Los Angeles Police Department
Das Los Angeles Police Department (LAPD) ist die Polizeibehörde von Los Angeles in Kalifornien, der zweitgrößten Stadt der USA. Es ist das drittgrößte Police Department in den USA (nach dem New York City Police Department und dem Chicago Police Department).
Das Motto des LAPD lautet „to protect and to serve” (schützen und dienen), als zentrale Polizeibehörde der Stadt hat es den Auftrag, Recht und Gesetz in seinem Zuständigkeitsbereich durchzusetzen. Immer wieder wurden im Lauf ihrer Geschichte schwere Vorwürfe gegen das LAPD wegen Autoritätsmissbrauch, Korruption und Rassismus erhoben.

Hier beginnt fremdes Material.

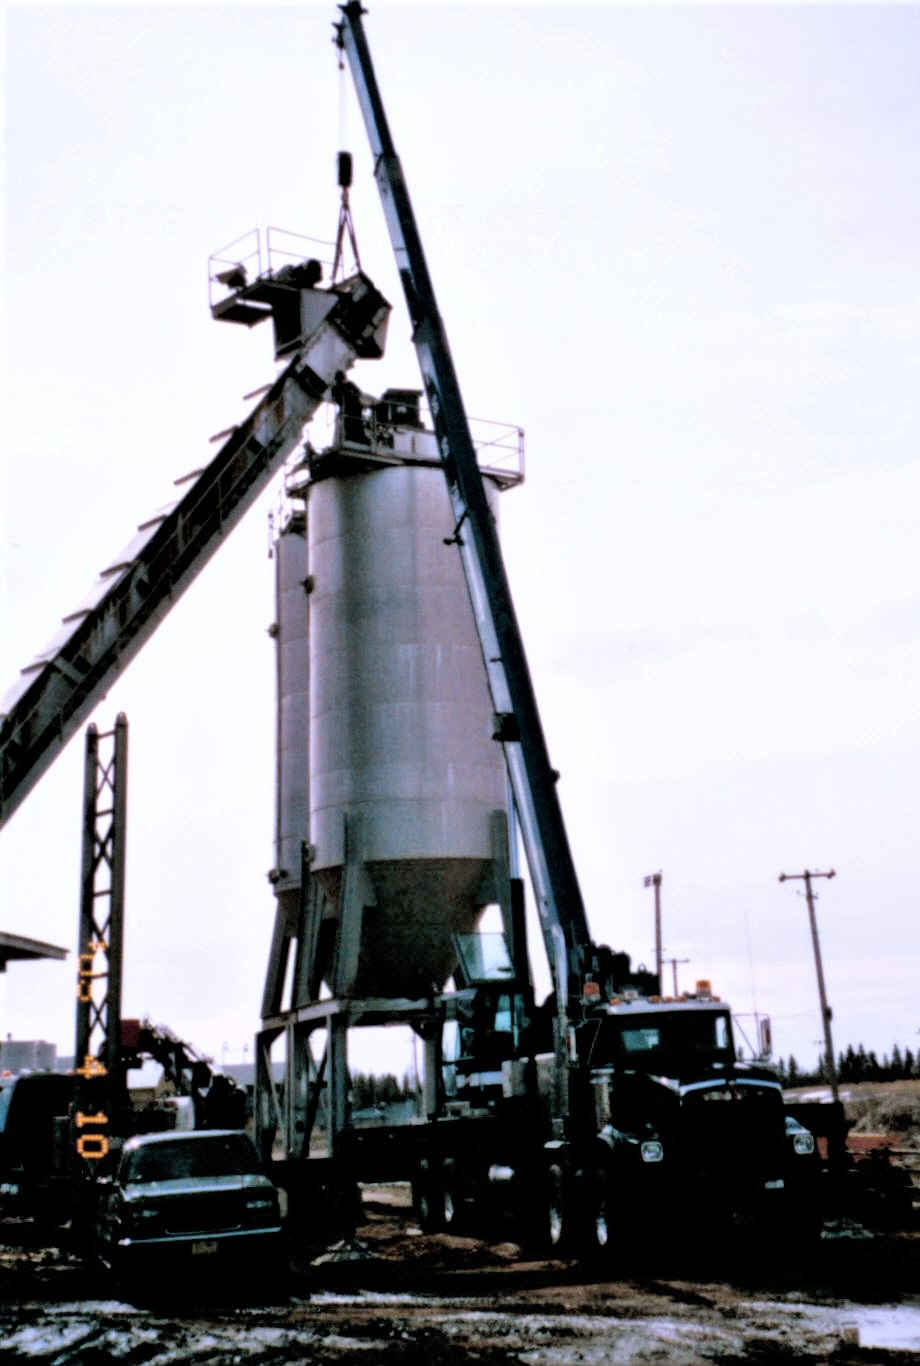 2004 assembling OF ASPHALT CONVEYOR with 42 ton

Die Behörde bildet den Hintergrund zahlreicher Kriminalfilme und Fernsehsendungen.
Inhaltsverzeichnis |
Geschichte [Bearbeiten]
Die erste Polizeieinheit der Stadt, die freiwilligen Los Angeles Rangers, wurde im Jahr 1853 gegründet. Im Jahr 1869 entstand die professionelle Polizeieinheit, die ursprünglich aus sechs Polizeivollzugsbeamten unter der Leitung von William C. Warren bestand. Im Jahr 1900 betrug die Personalstärke bereits 70 Polizeivollzugsbeamten.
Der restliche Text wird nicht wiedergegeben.